SEACrowd / seacrowd-datahub

A collaborative project to collect datasets in SEA languages, SEA regions, or SEA cultures.
Apache License 2.0
64 stars 57 forks source link

Closes #425 | Add Dataloader MaXM #554

Closed akhdanfadh closed 4 months ago

akhdanfadh commented 6 months ago

Closes #425

There is no subset specified in the homepage, but there are two files for one language: (1) regular QA, and (2) yes-no QA. I assumed each should be a subset (open to discuss). Thus, configs will look like this: maxm_regular_source, maxm_yesno_seacrowd_imqa, etc. When testing, pass maxm_<subset> to the --subset_id parameter.

Checkbox

akhdanfadh commented 5 months ago

I think there is a better way to indicate whether to use the "source" schema or the "imqa" schema instead of doing string concatenation.
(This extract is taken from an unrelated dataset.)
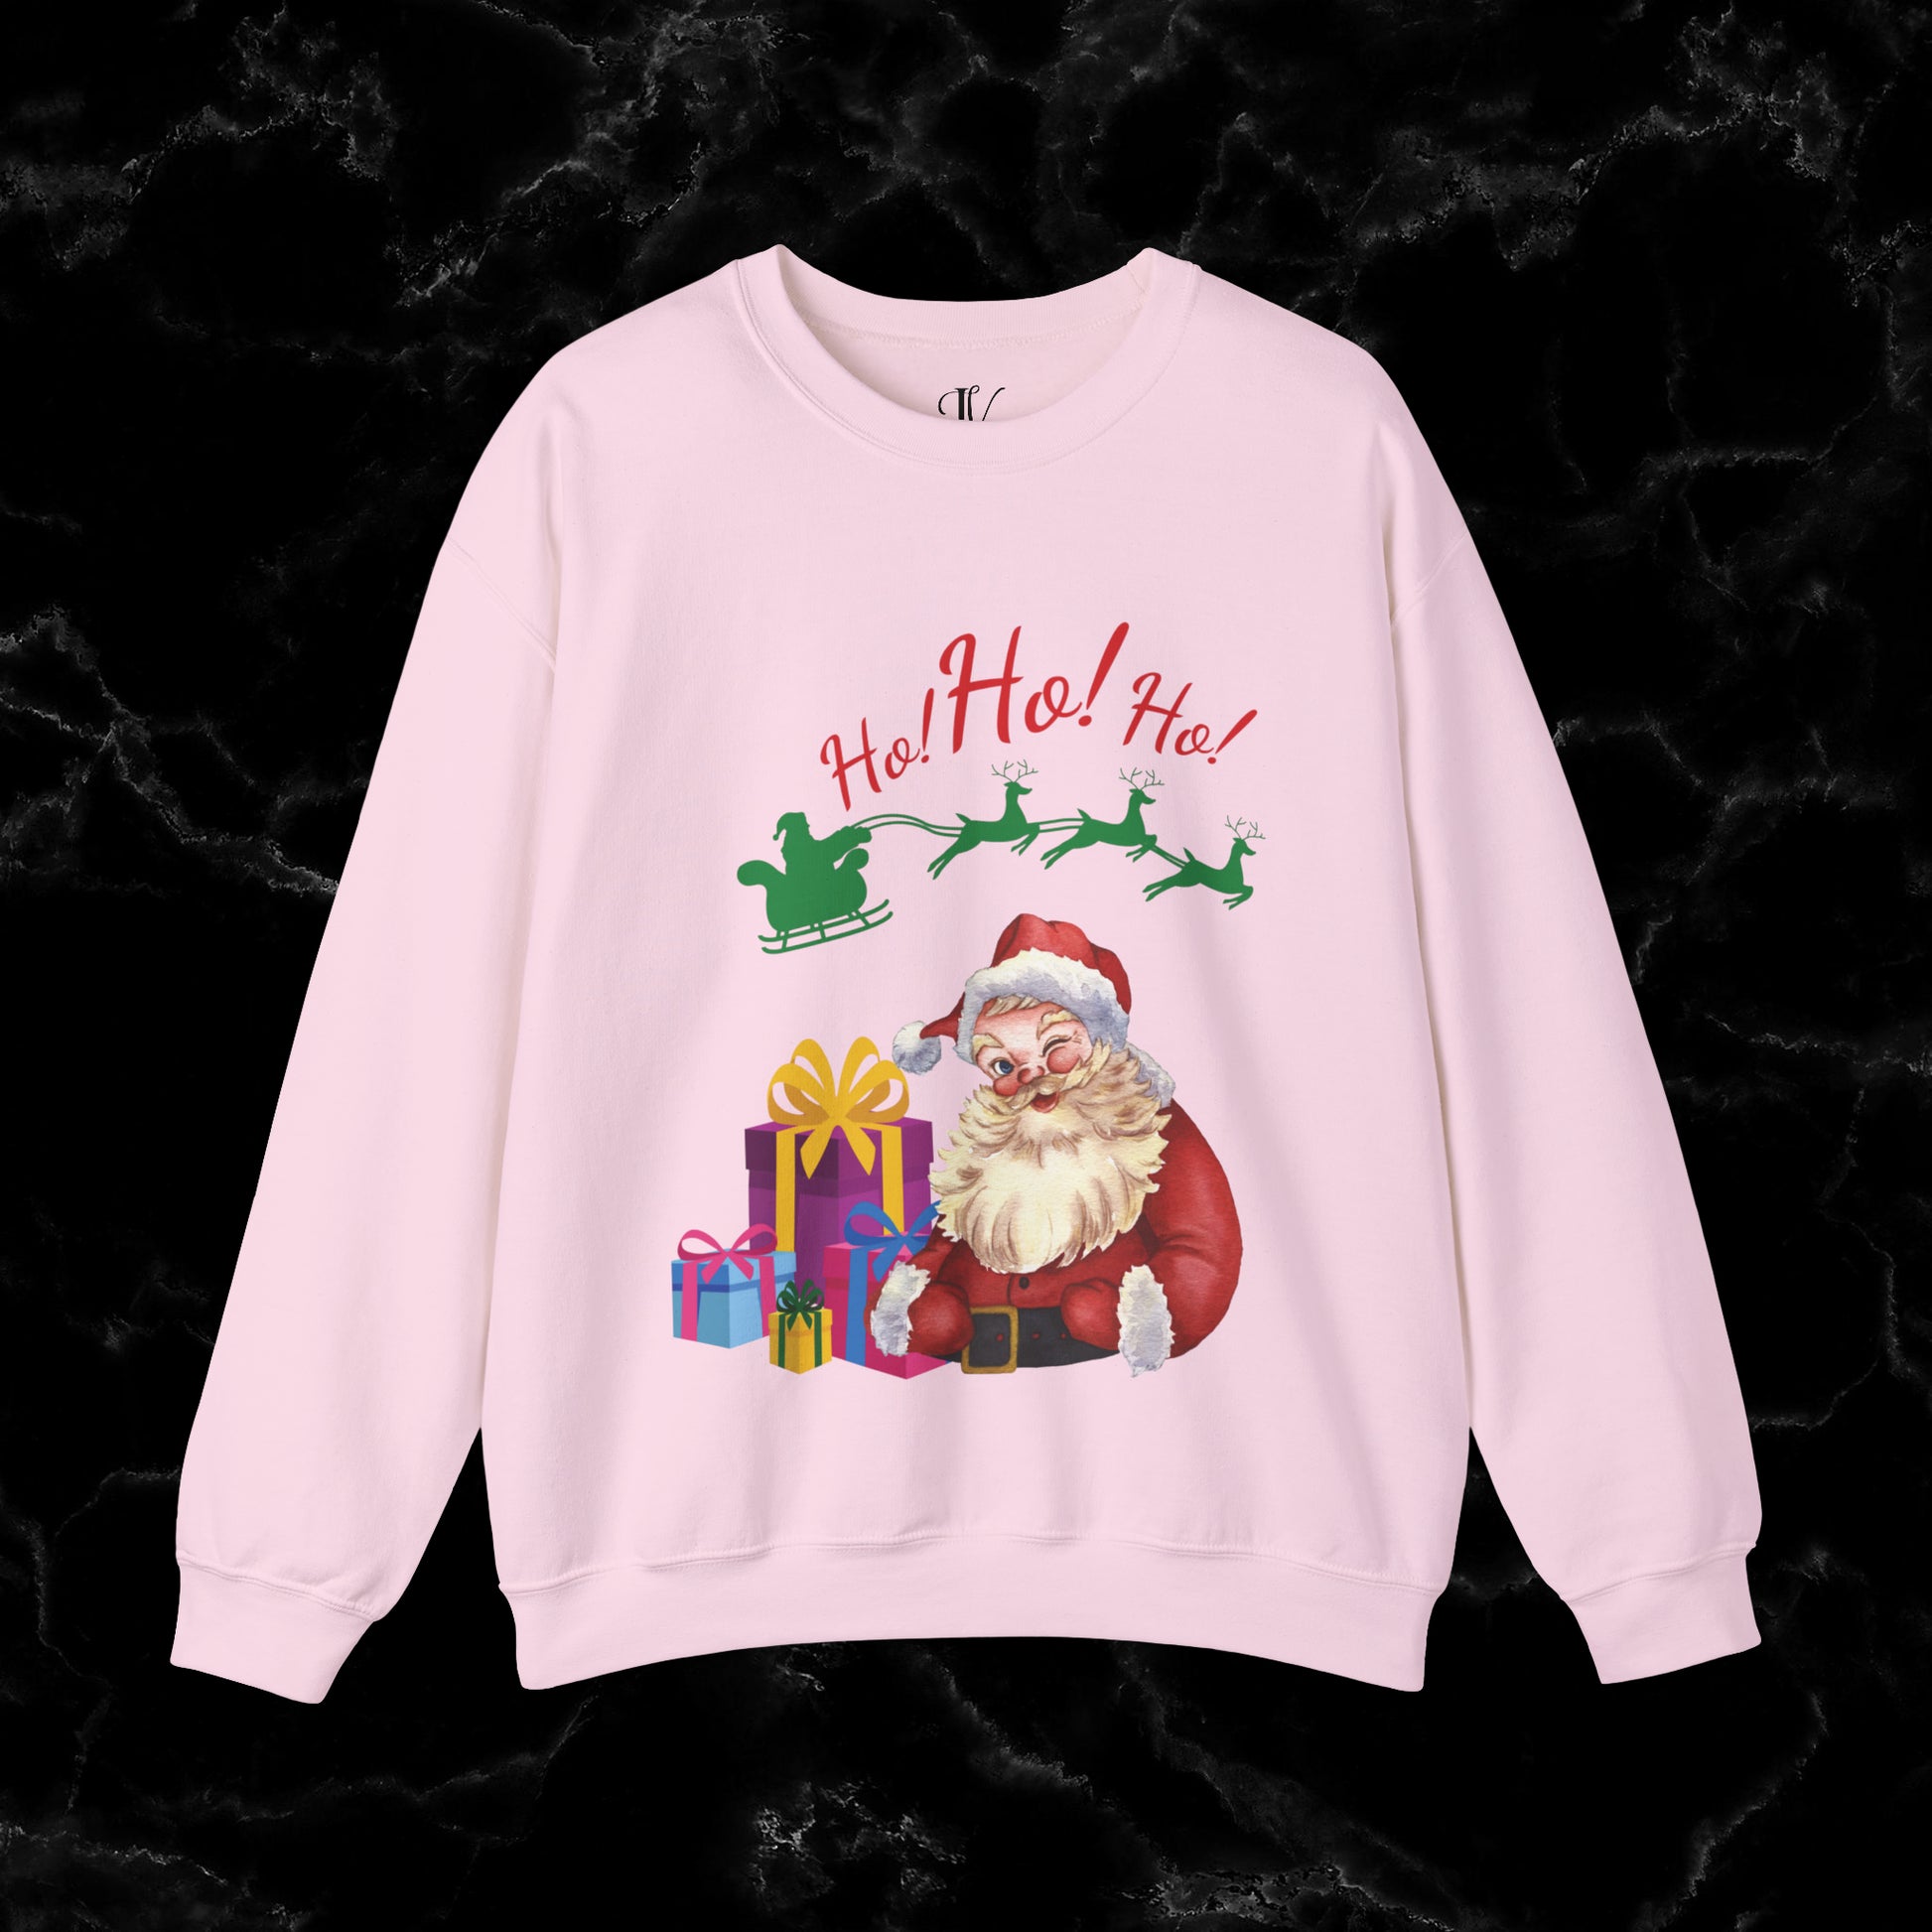 Retro Santa Sweatshirt - Vintage Christmas Fashion for Holiday Cheer Sweatshirt S Light Pink 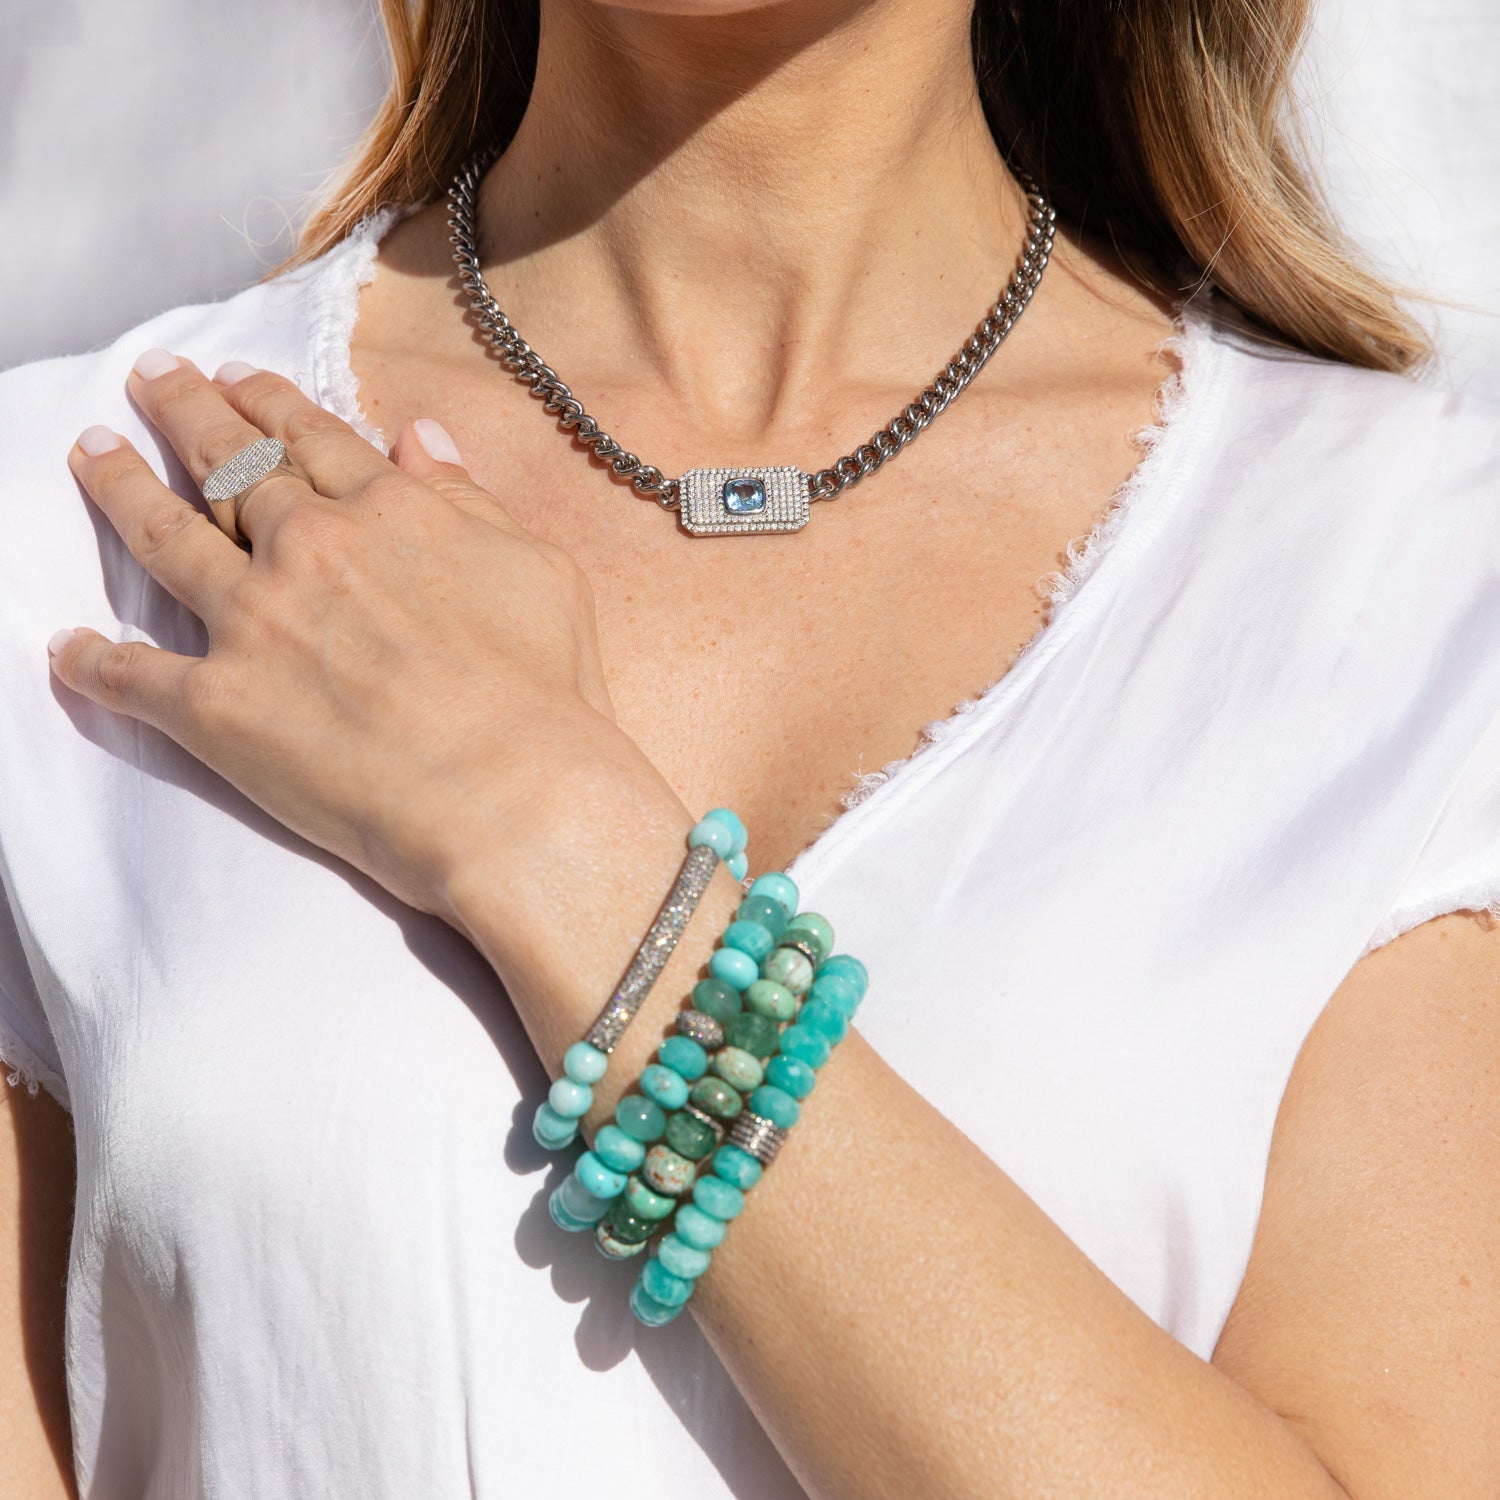 Aquamarine & Pave Diamond Pendant Chain Necklace - 16"  N0002879 - TBird

I advise to do a simple conditioning instead.

@faridlazuarda I don't understand the problem here. Are you sure you pass either maxm_regular or maxm_yesno to the --subset_id parameter for testing?

Edit:

ValueError: BuilderConfig 'maxm_regular_imqa_source' not found.

The problem is here, you pass maxm_regular_imqa instead of above I mentioned.